Stuffed zucchini
Gwen Schoen
Sacramento
Ingredients
4 large zucchini, about 6 oz. each
3 tbsp. olive oil
1/2 cup finely chopped onion
2 tsp. finely chopped garlic
1 lb. ground turkey
1/2 cup finely chopped mushroom caps
1/4 cup finely chopped celery
3 tbsp. dry white wine
3 tbsp. chopped fresh basil
1 tsp. chopped fresh rosemary
3/4 cup grated Parmesan cheese
1 egg, lightly beaten
2 tbsp. butter, softened
2 tsp. salt (optional)
2 tsp. freshly ground pepper (optional)
Directions
Preheat oven to 375 degrees. Rinse zucchini, then cut in half lengthwise. Use a small spoon to scoop out the pulp, leaving 1/4-inch-thick shells. Reserve shells and pulp.
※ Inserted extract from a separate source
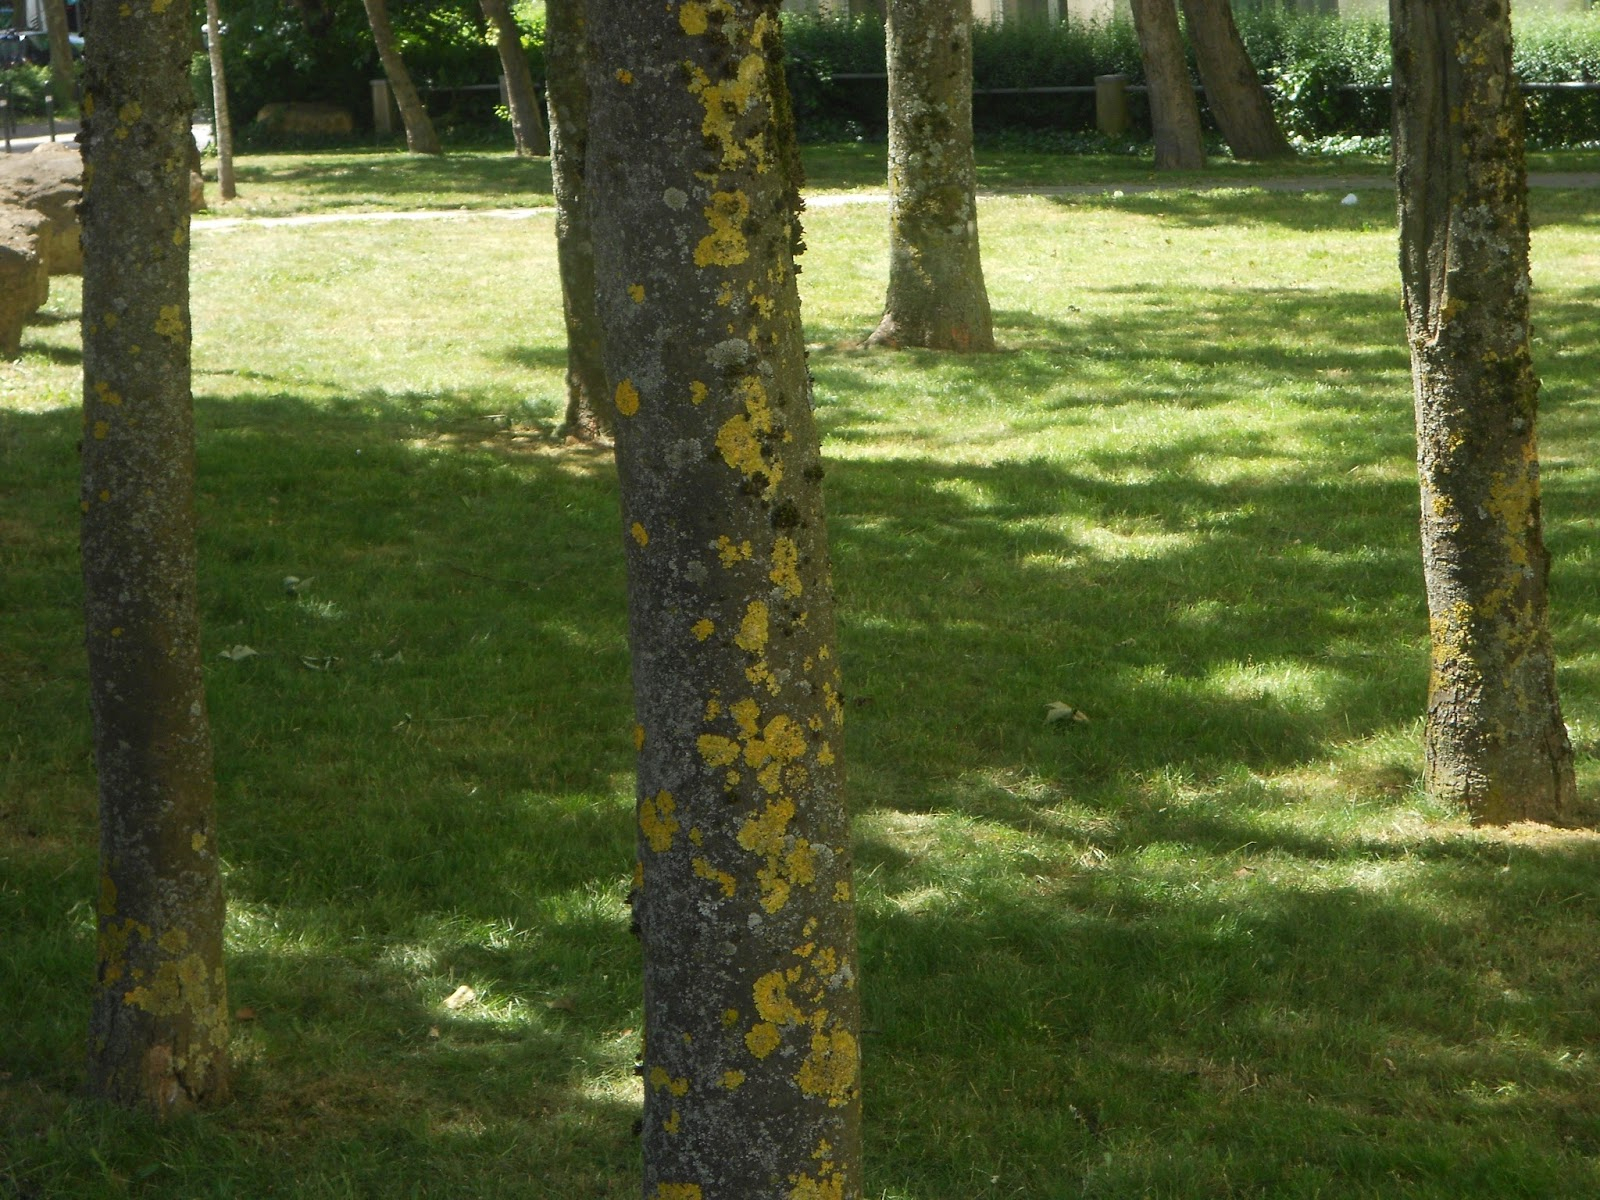 Le Jardin Sauvage Ana Nb: Le Silence De L' Écorce dedans Ecorces Jardin

Heat olive oil in a large skillet over medium heat. Add onion and sauté for 1 to 2 minutes, until translucent. Add garlic and ground turkey and stir-fry over medium heat until turkey is cooked and browned, about 7 minutes. Add extra oil if necessary. Add mushrooms, celery, wine, basil, rosemary and reserved zucchini pulp. Continue to cook for 2 to 3 minutes, until mixture is heated thoroughly. Remove from heat, place in a bowl and let cool until it is just warm to the touch. Gently blend in cheese, egg and butter. Add salt and pepper, if desired. Fill zucchini shells with the mixture, mounding it slightly.
Pour hot water into a baking pan with 1-inch sides until the pan has about 1/4 inch of water. Place filled zucchini halves in the pan and bake for 40 minutes or until golden brown.